W pierwszej połowie nie wydarzyło się praktycznie nic godnego zapamiętania. Ze strony Dolcanu najbardziej kreatywni w ataku byli Grzegorz Piesio i Dariusz Zjawiński, ładnie z obrony włączał się Rafał Grzelak. Ze strony katowiczan aktywny był Janusz Gancarczyk, który oddał jedyne dwa celne strzały na bramkę Macieja Humerskiego. Przemysław Pitry wyróżniał się jedynie faulami i żółtą kartką za celowe zagranie ręką.

W drugiej połowie z lepszej strony pokazał się Dolcan, widać było po zespole trenera Roberta Podolińskiego wielką chęć zwycięstwa. Ze strony gości w 55. minucie efektownym rajdem popisał się Janusz Gancarczyk, jednak nabawił się przy tym kontuzji i zszedł z boiska, a wraz z nim cała siła rażenia GKS Katowice.

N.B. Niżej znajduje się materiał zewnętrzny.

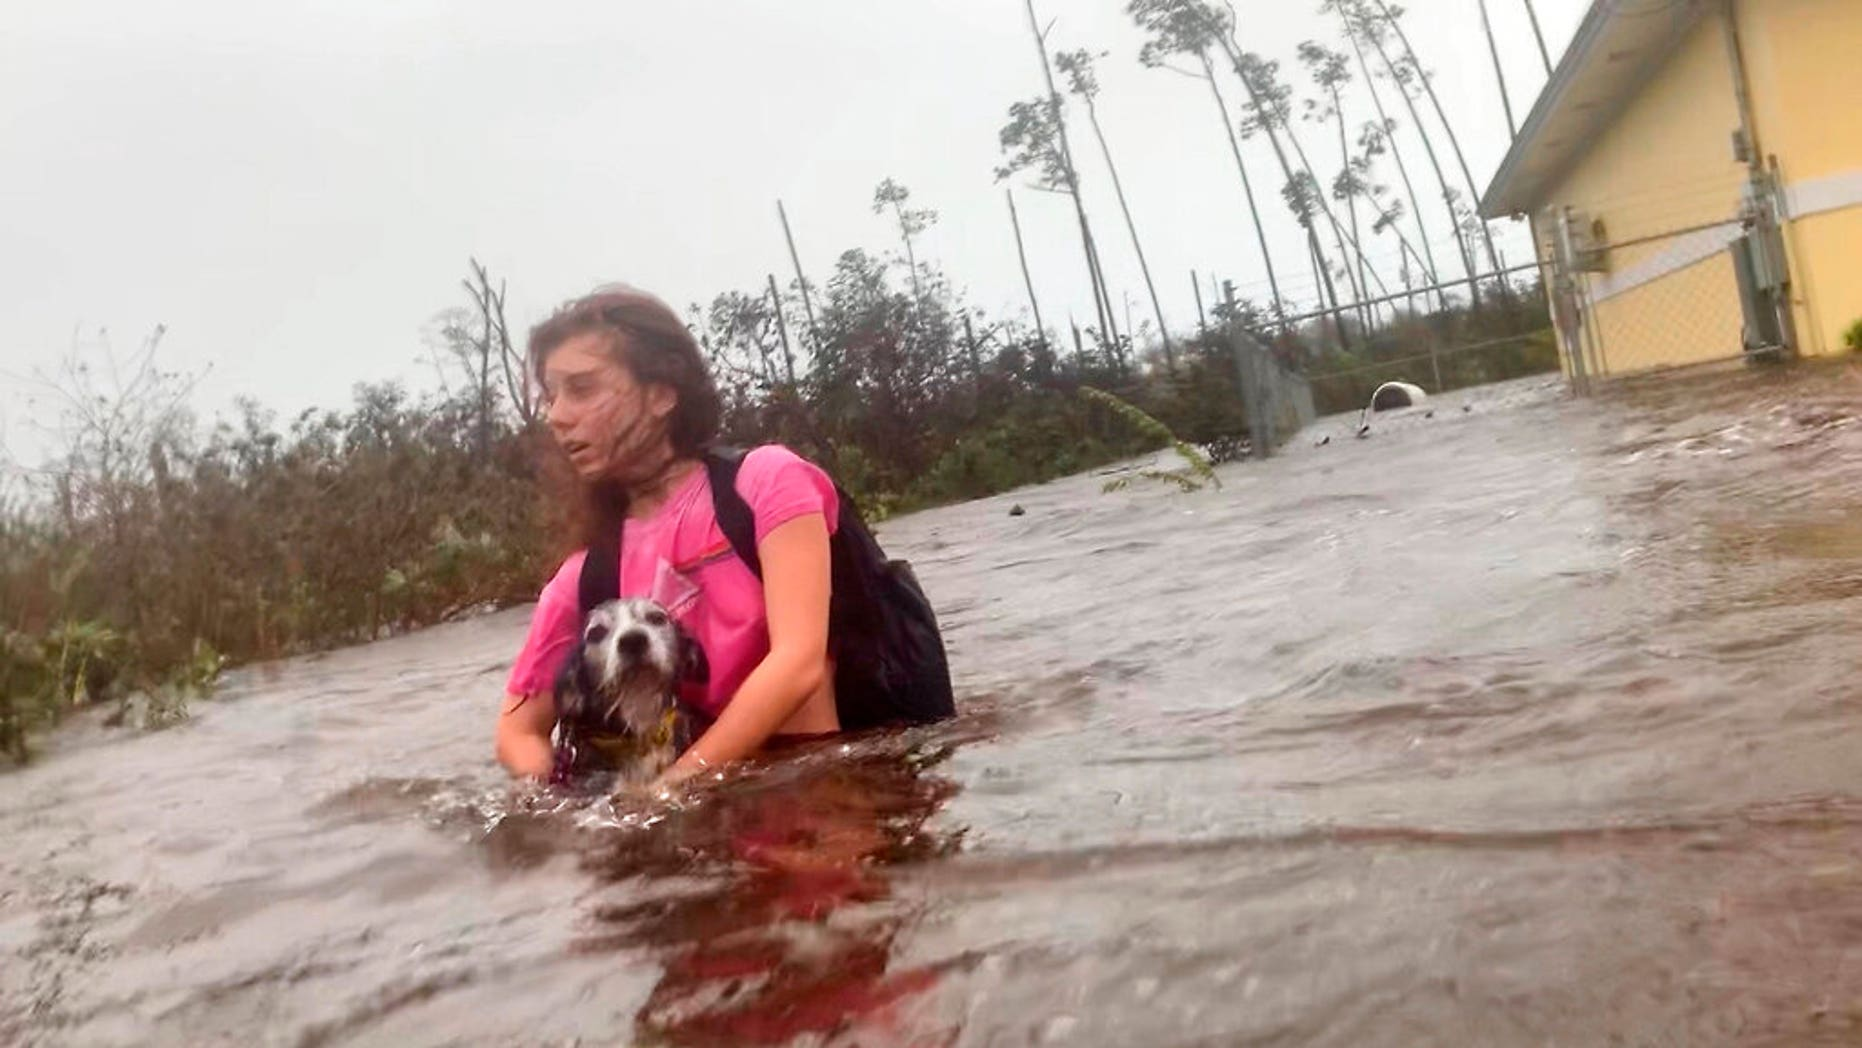 Westlake Legal Group BahamasDorian090419 As Dorian approaches, millions in Florida, Georgia and Carolinas urged to evacuate; Bahamas death toll rises fox-news/columns/fox-news-first fox news fnc/us fnc article ad51322d-3d07-528a-8ad8-56ae5af3d895

Motorem napędowym Dolcanu był Grzegorz Piesio - przeprowadził wiele akcji prawym skrzydłem zakończonych dośrodkowaniami, w 74. minucie zdecydował się zejść do środka i uderzyć z lewej nogi - gości uratowała poprzeczka. Dużo ożywienia wniósł również wprowadzony w 62. minucie Paweł Tarnowski. We wszystkich sytuacjach brakowało jednak wykończenia. W doliczonym czasie gry piłkę meczową miał Łukasz Sierpina: po nieudanych "nożycach" Dariusza Zjawińskiego futbolówka poleciała w jego stronę i uderzył z powietrza z ok. 7 metrów, jednak nieczysto trafiona piłka przeleciała kilka centymetrów obok słupka.

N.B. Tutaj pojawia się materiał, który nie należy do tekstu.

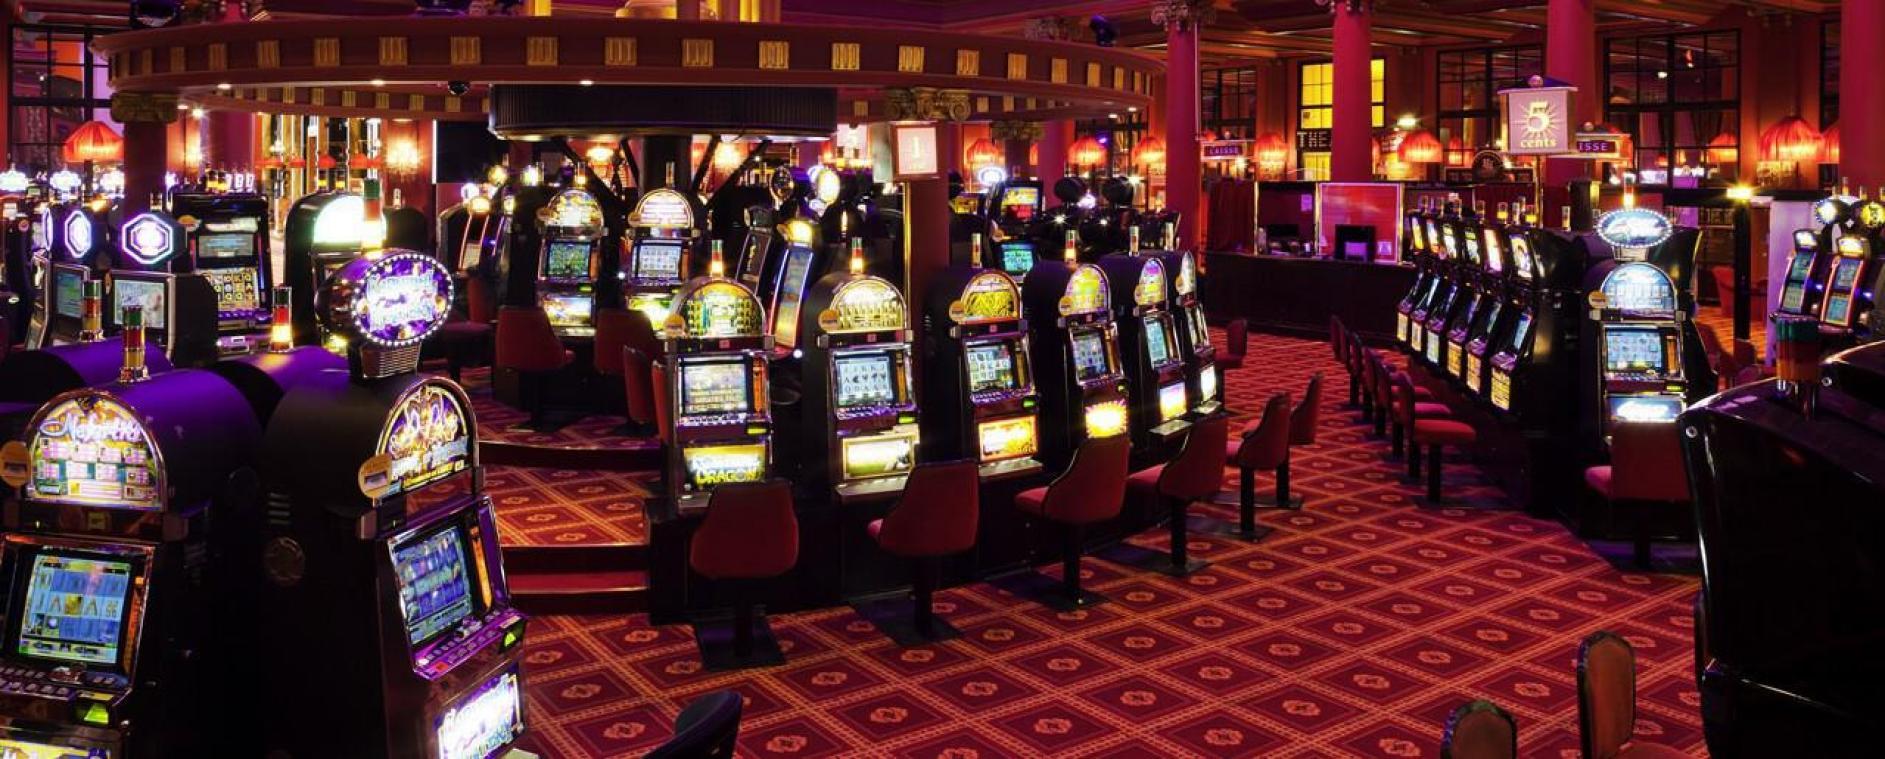 Casinos Barrière: le groupe va licencier « environ 70 salariés », selon FO

Dolcan Ząbki po raz pierwszy na wiosnę stracił punkty u siebie, jednak swoją grą potwierdził, że jest w wysokiej formie i może jeszcze pokrzyżować plany faworytom ligi. Przed trenerem Kazimierzem Moskalem natomiast jeszcze dużo pracy, aby przygotować GKS Katowice do walki o ekstraklasę w przyszłym sezonie.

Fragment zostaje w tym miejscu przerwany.